■ Your objective ■
With pictures omitted, restate the data word for word.

■ Recorded information ■
((

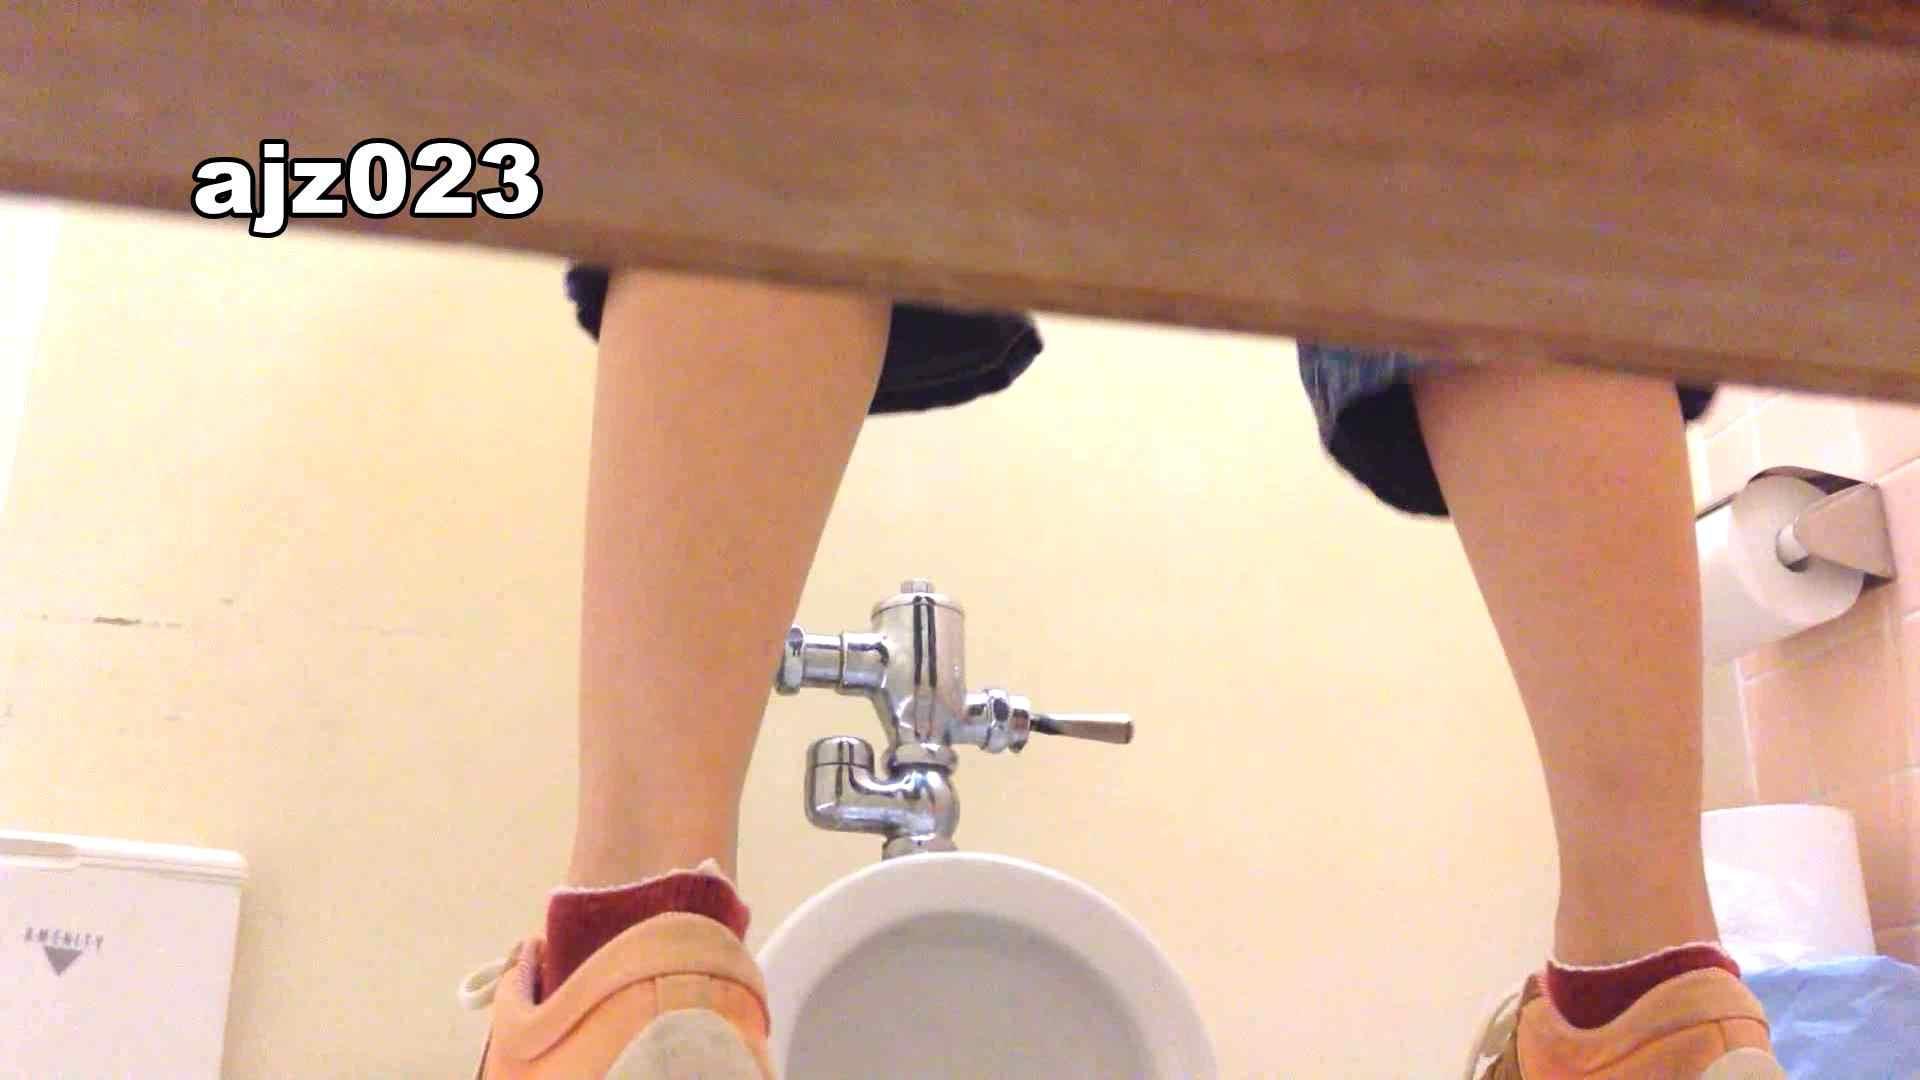 某有名大学女性洗面所 vol.23 洗面所 盗撮エロ画像 52pic 38
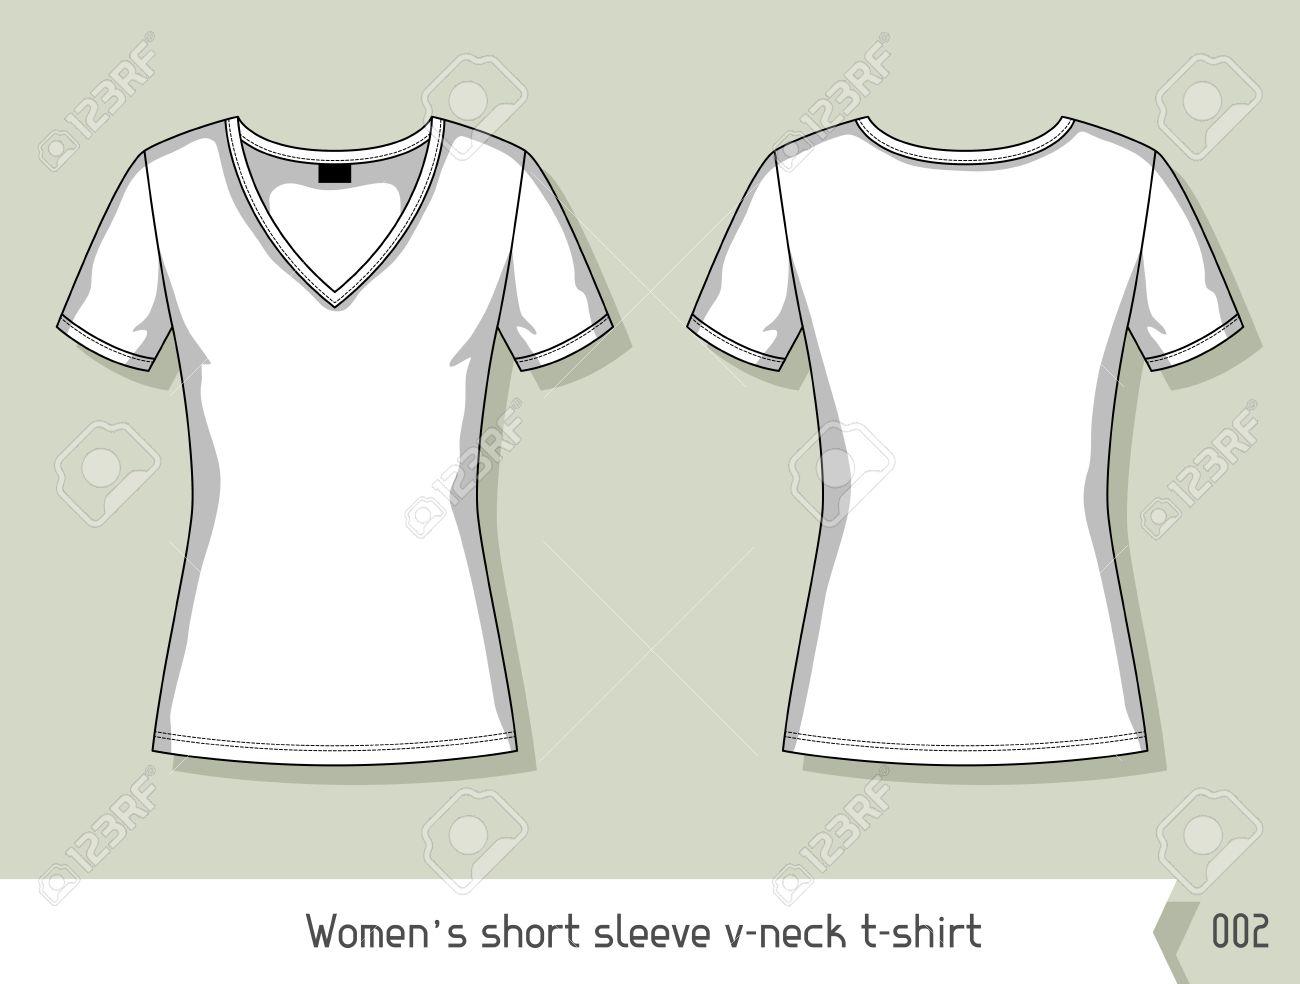 Women Short Sleeve V Neck T Shirt Template For Design Easily
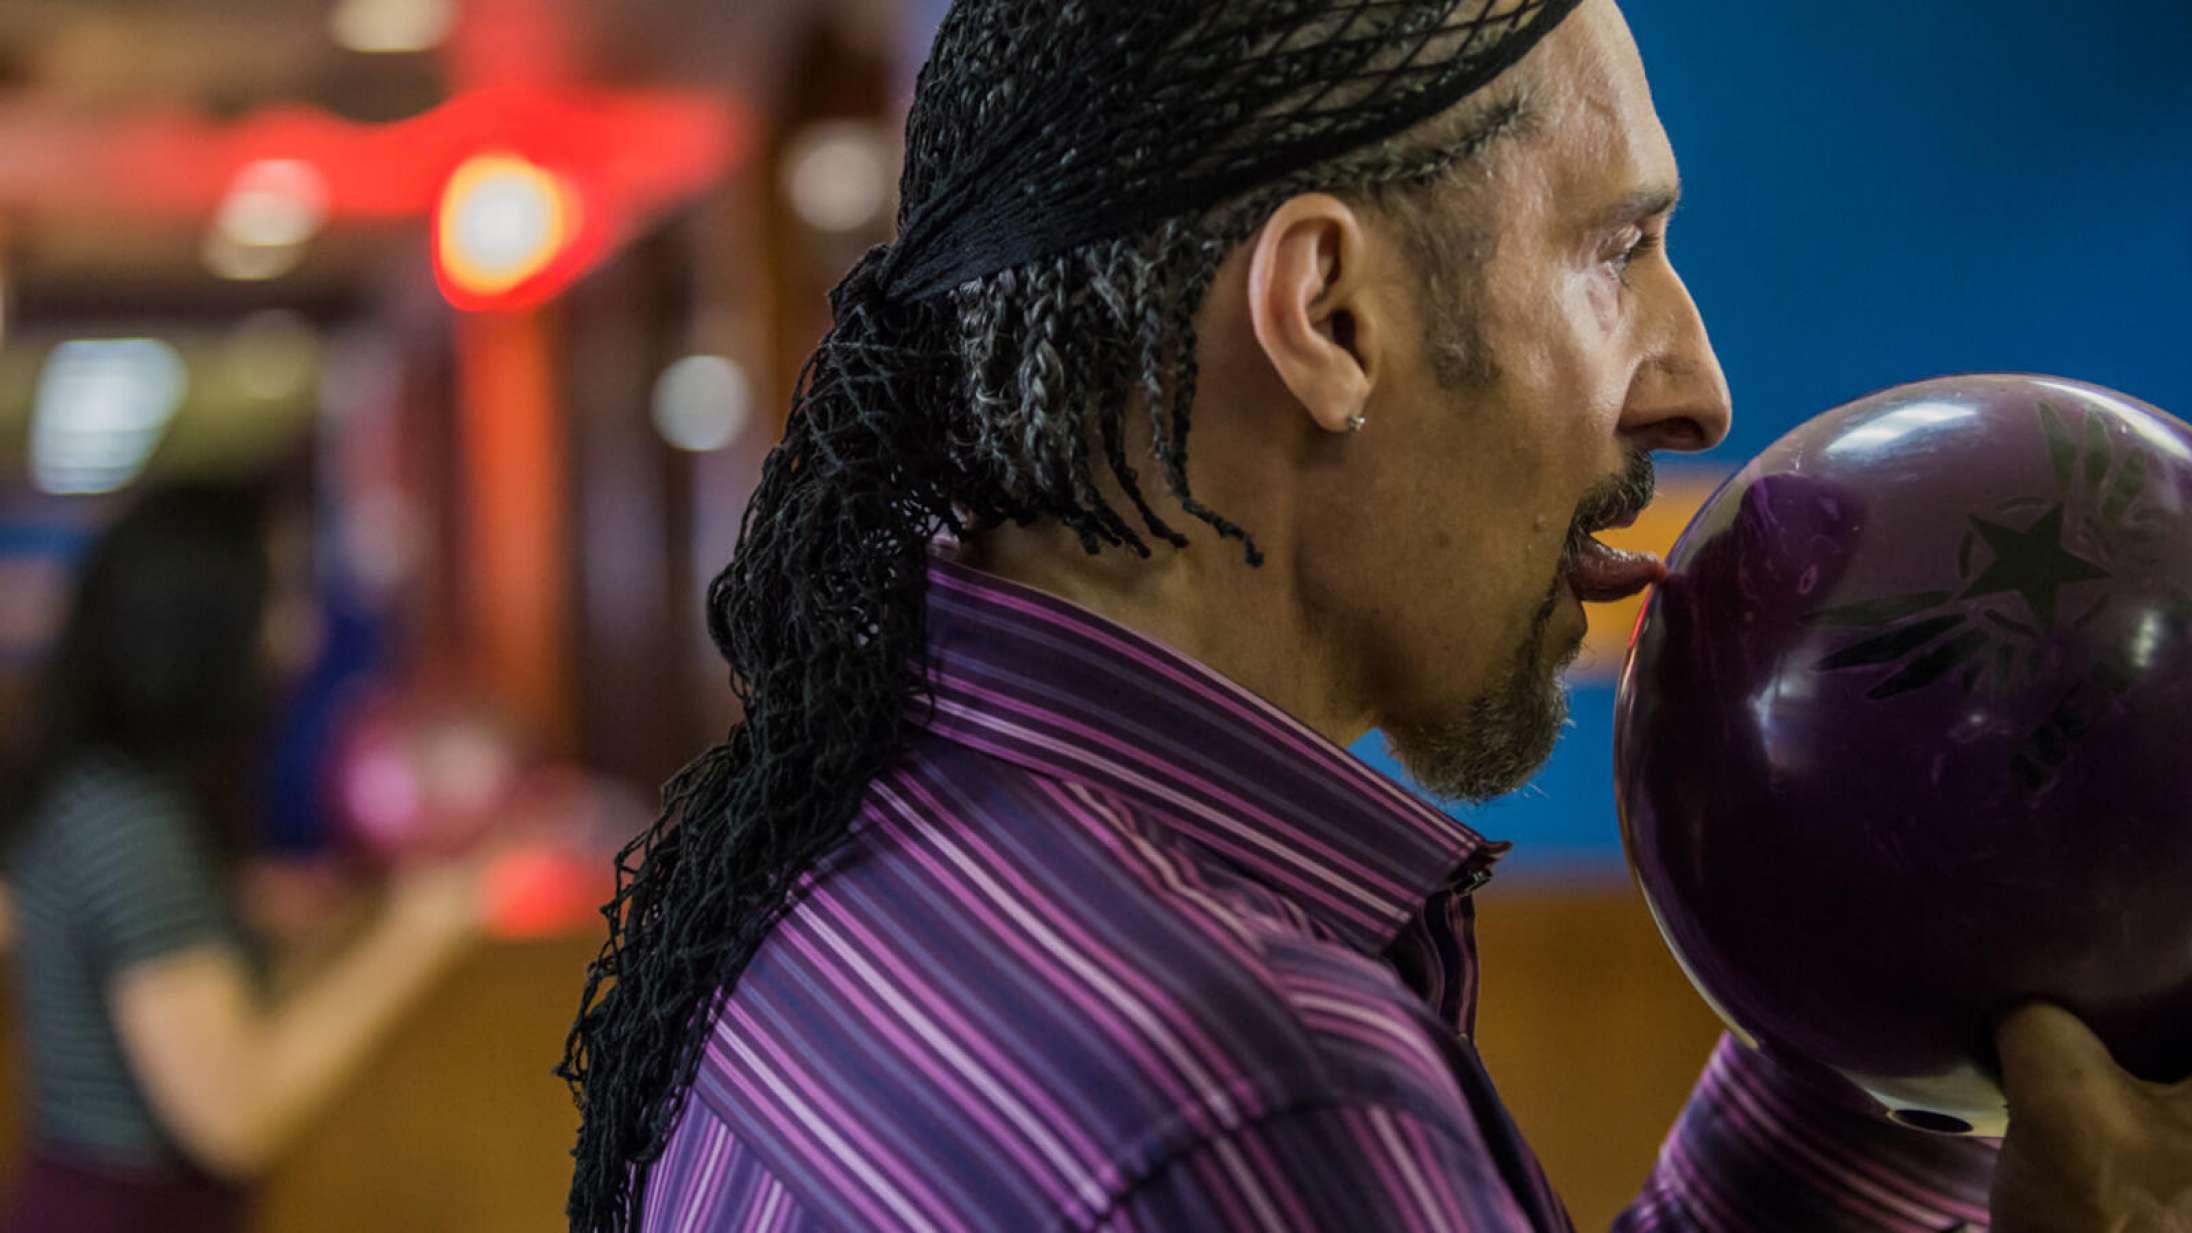 'The Jesus Rolls': Jesus-spinoff af 'The Big Lebowski' er en katastrofe

))

■ Result of the task ■
 某有名大学女性洗面所 vol.23 洗面所 盗撮エロ画像 52pic 38
 Women Short Sleeve V Neck T Shirt Template For Design Easily
 'The Jesus Rolls': Jesus-spinoff af 'The Big Lebowski' er en katastrofe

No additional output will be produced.